* **TASK GOAL**
Repeat all of the data word for word so that only the pictures are missing from the copy.
***** DATASET CONTENT *****
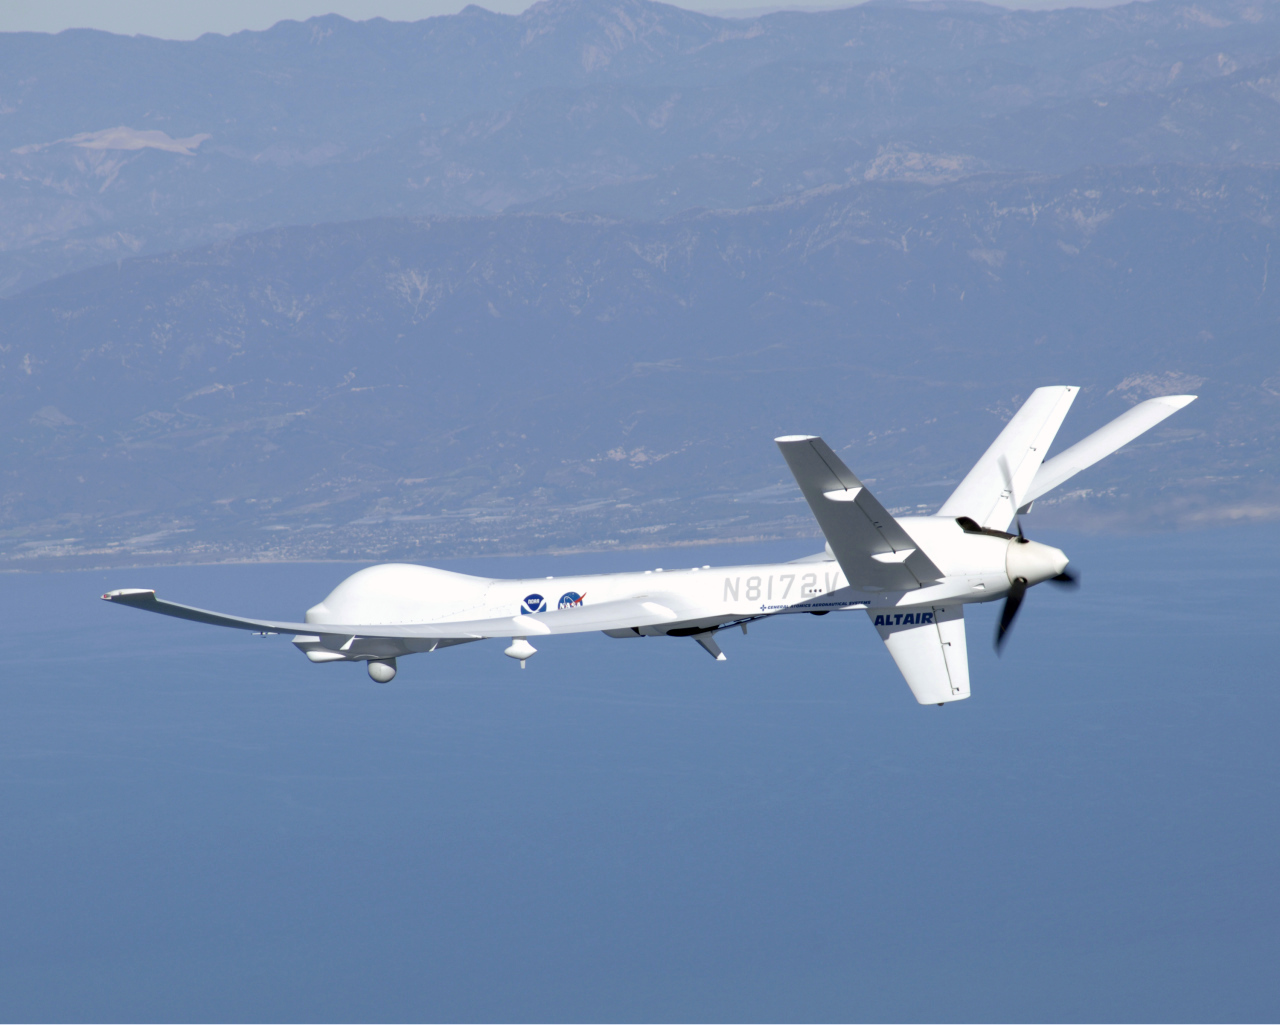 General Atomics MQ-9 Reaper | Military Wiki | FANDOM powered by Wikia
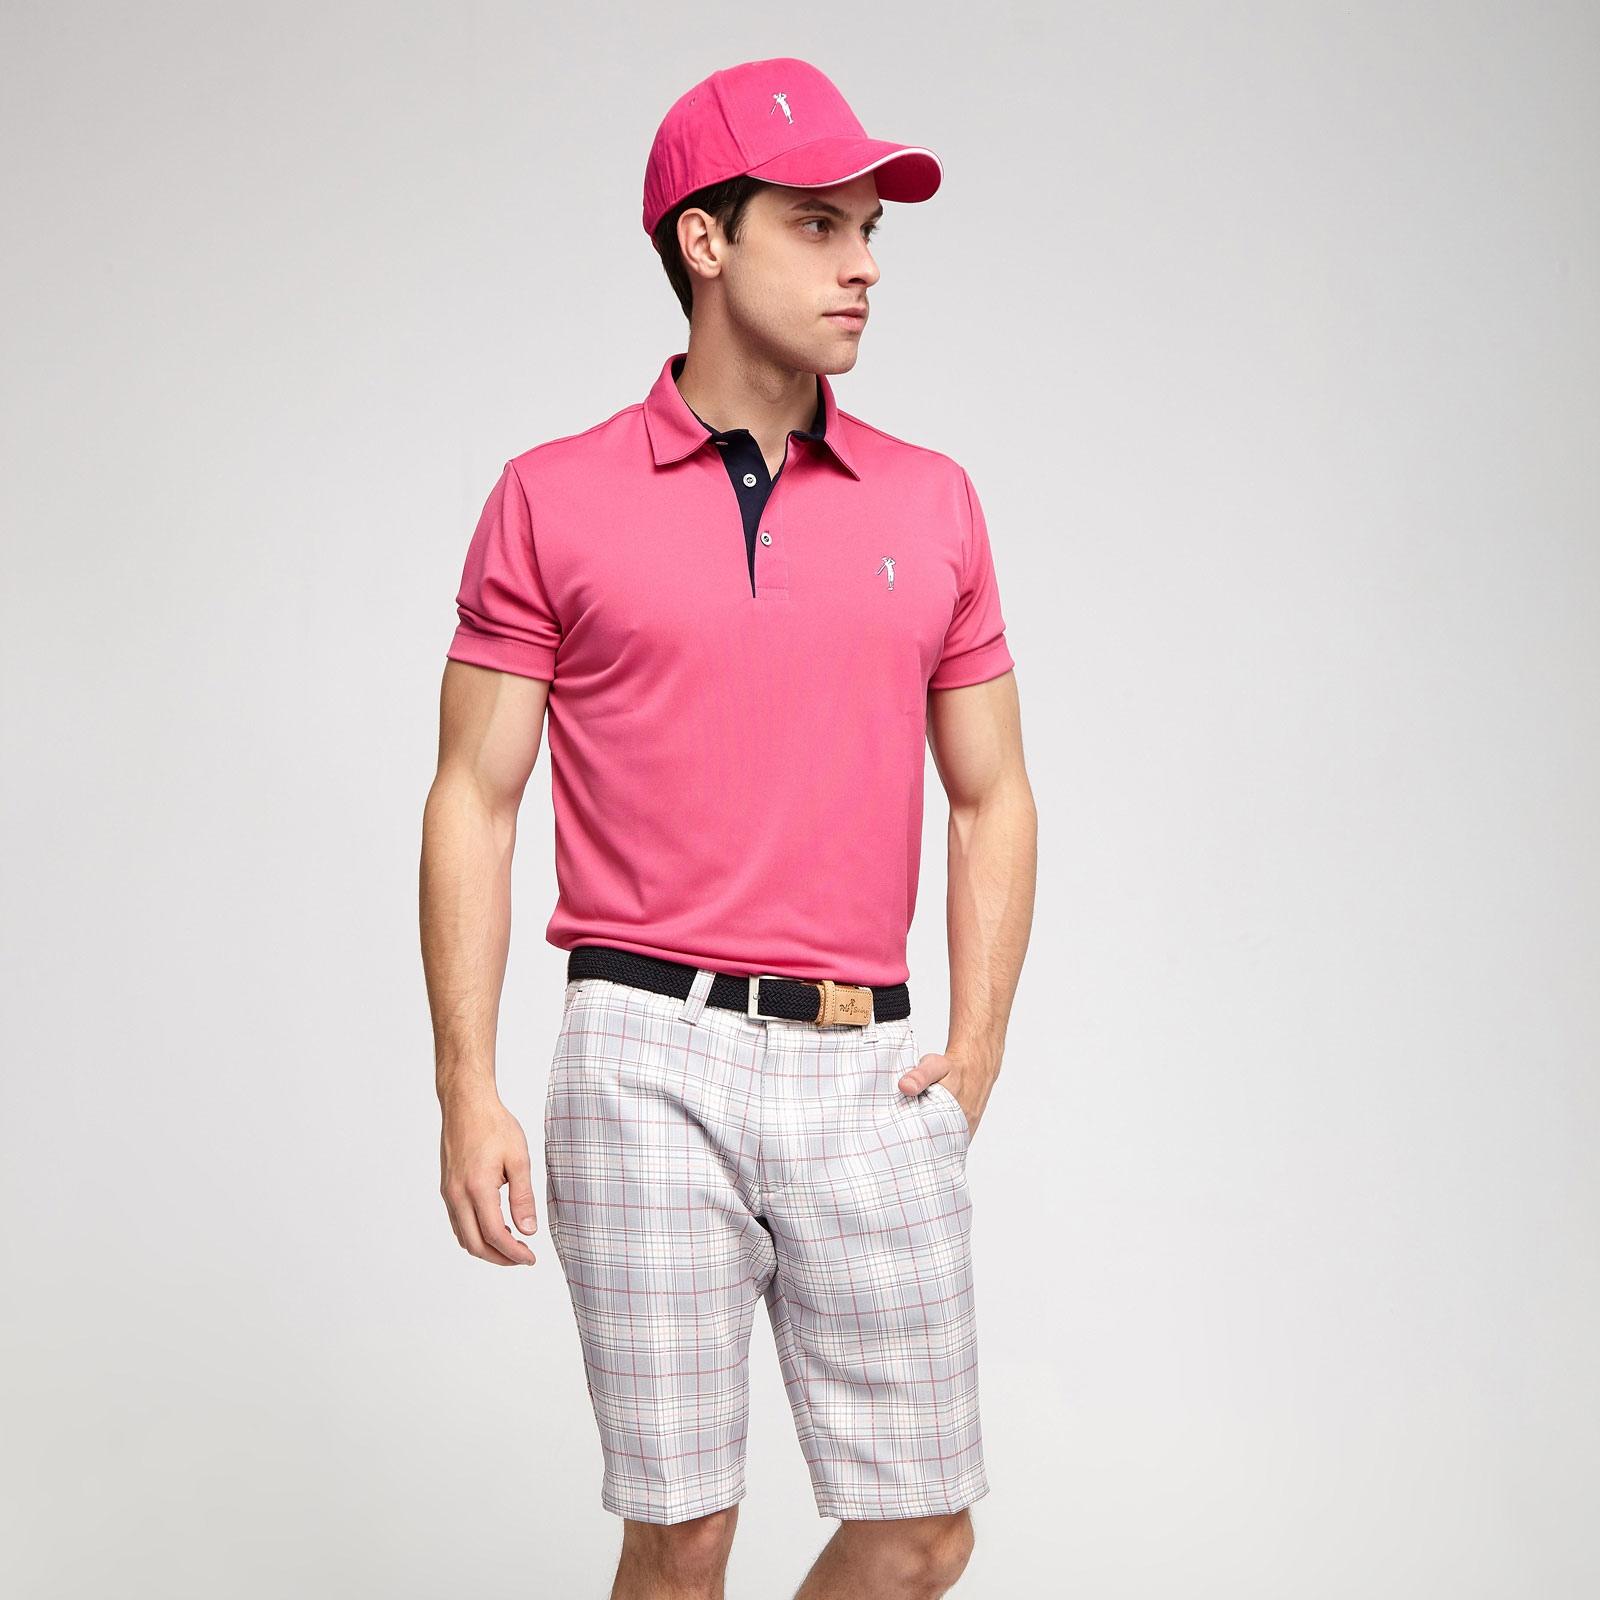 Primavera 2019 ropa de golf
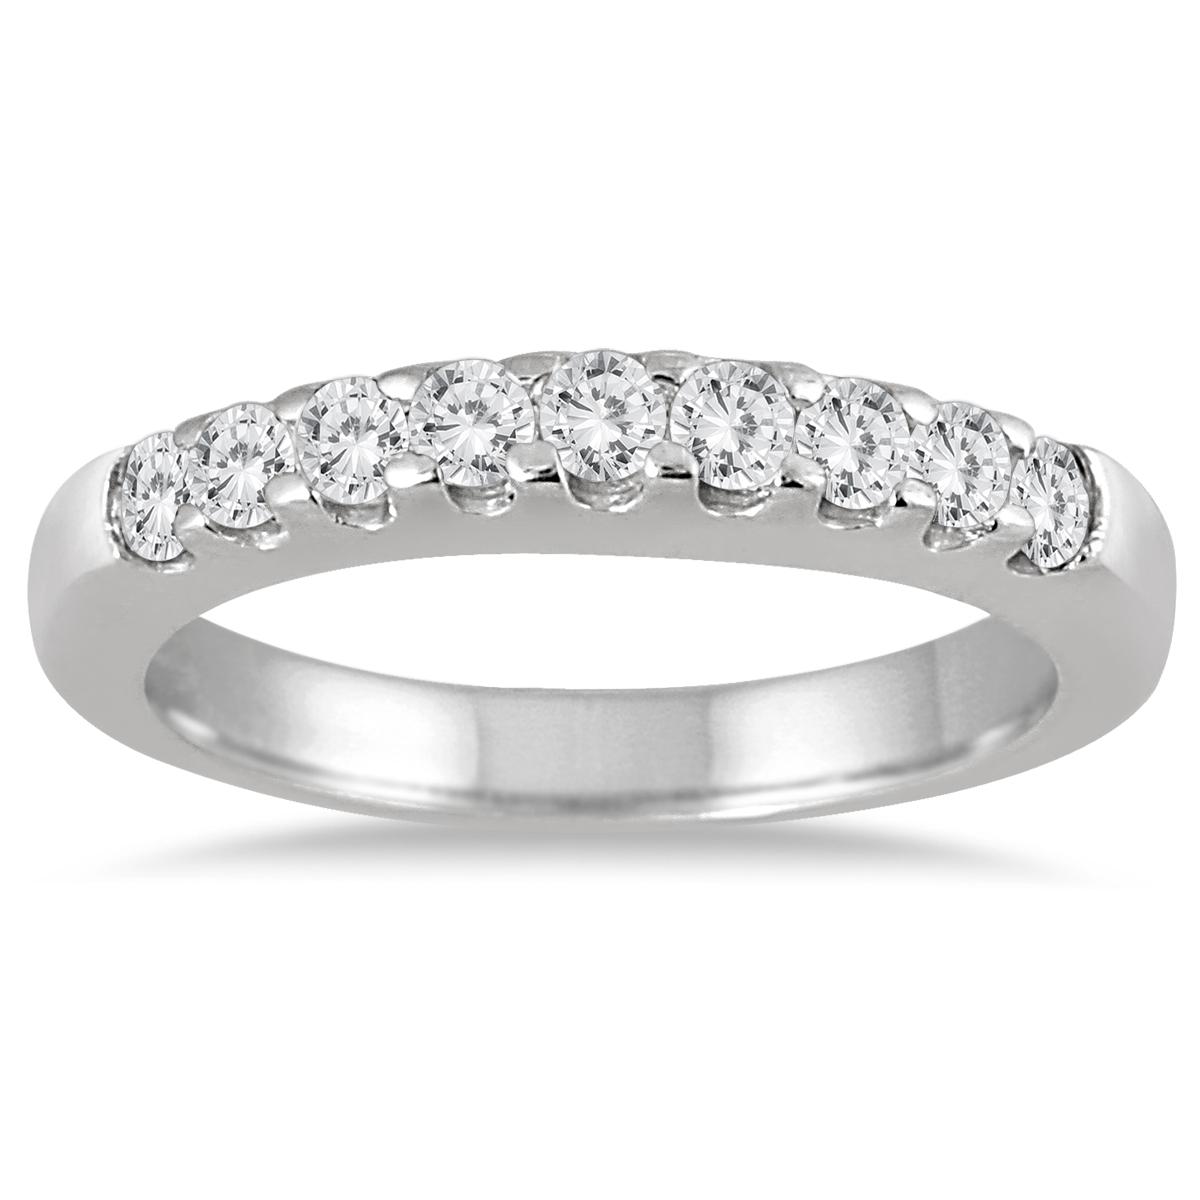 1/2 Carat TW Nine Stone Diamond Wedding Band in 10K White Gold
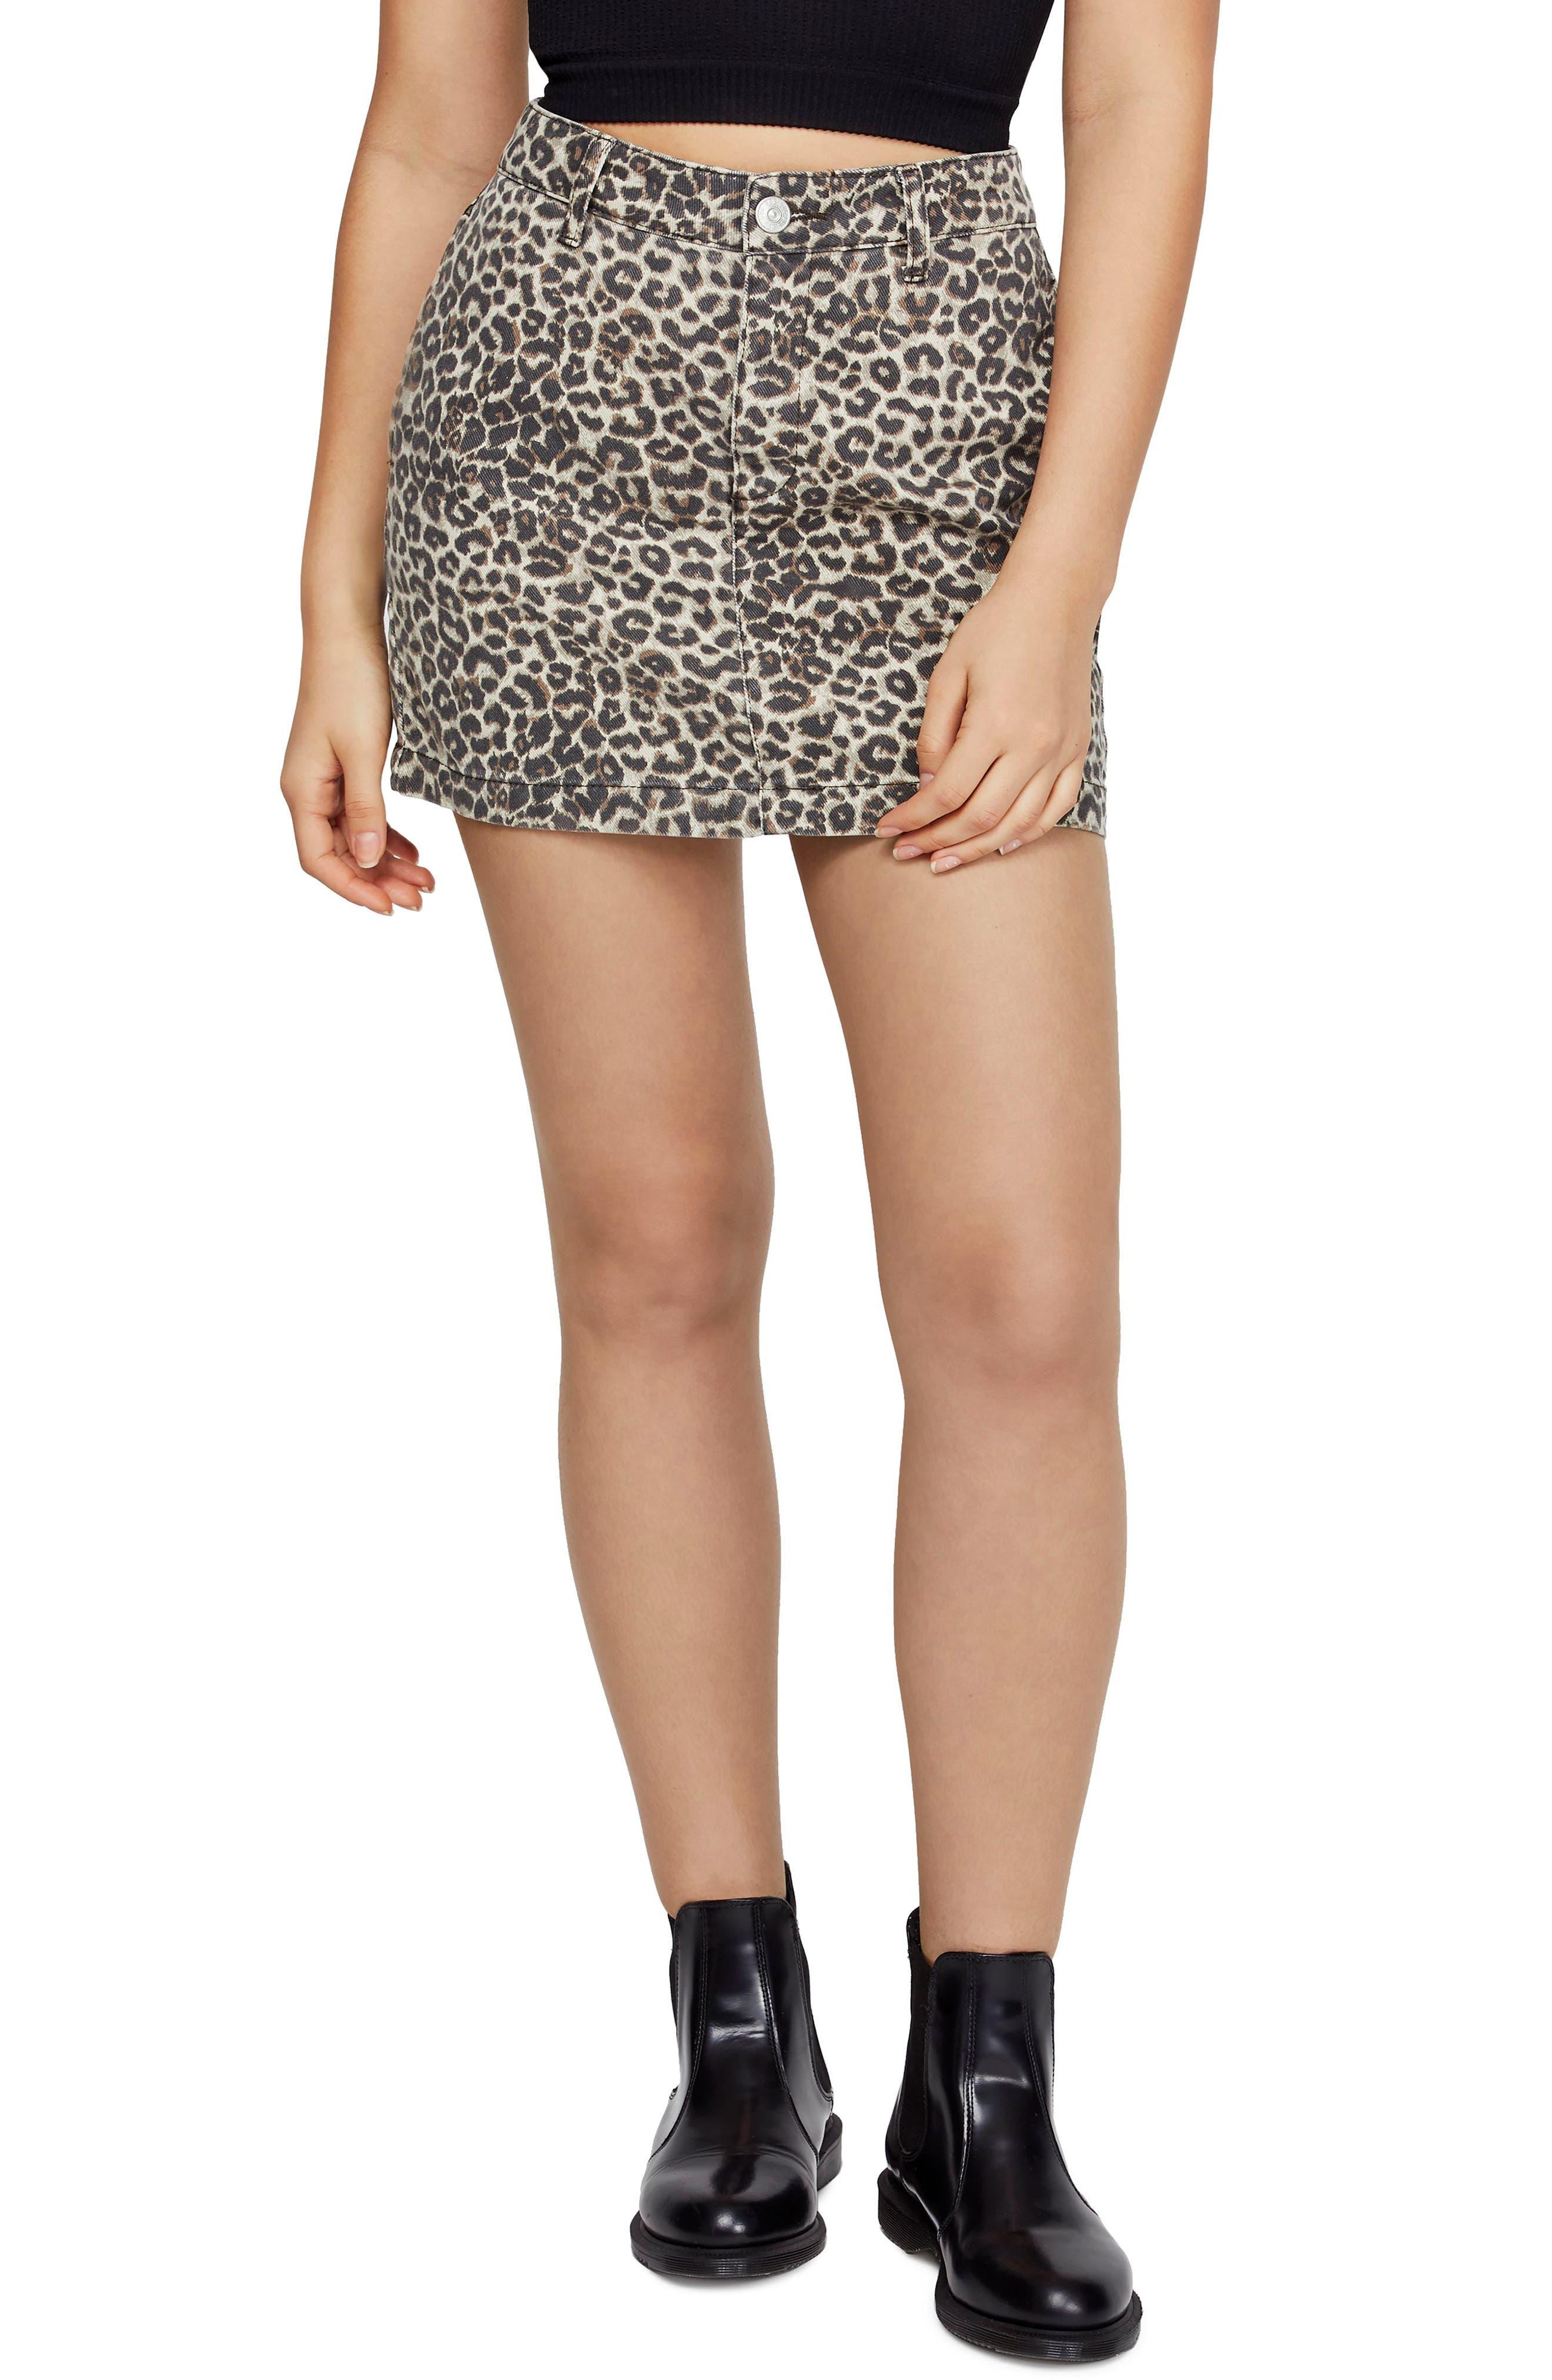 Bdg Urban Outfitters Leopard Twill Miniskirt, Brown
*****
* **OUTPUT**
 General Atomics MQ-9 Reaper | Military Wiki | FANDOM powered by Wikia
 Primavera 2019 ropa de golf
 1/2 Carat TW Nine Stone Diamond Wedding Band in 10K White Gold
 Bdg Urban Outfitters Leopard Twill Miniskirt, Brown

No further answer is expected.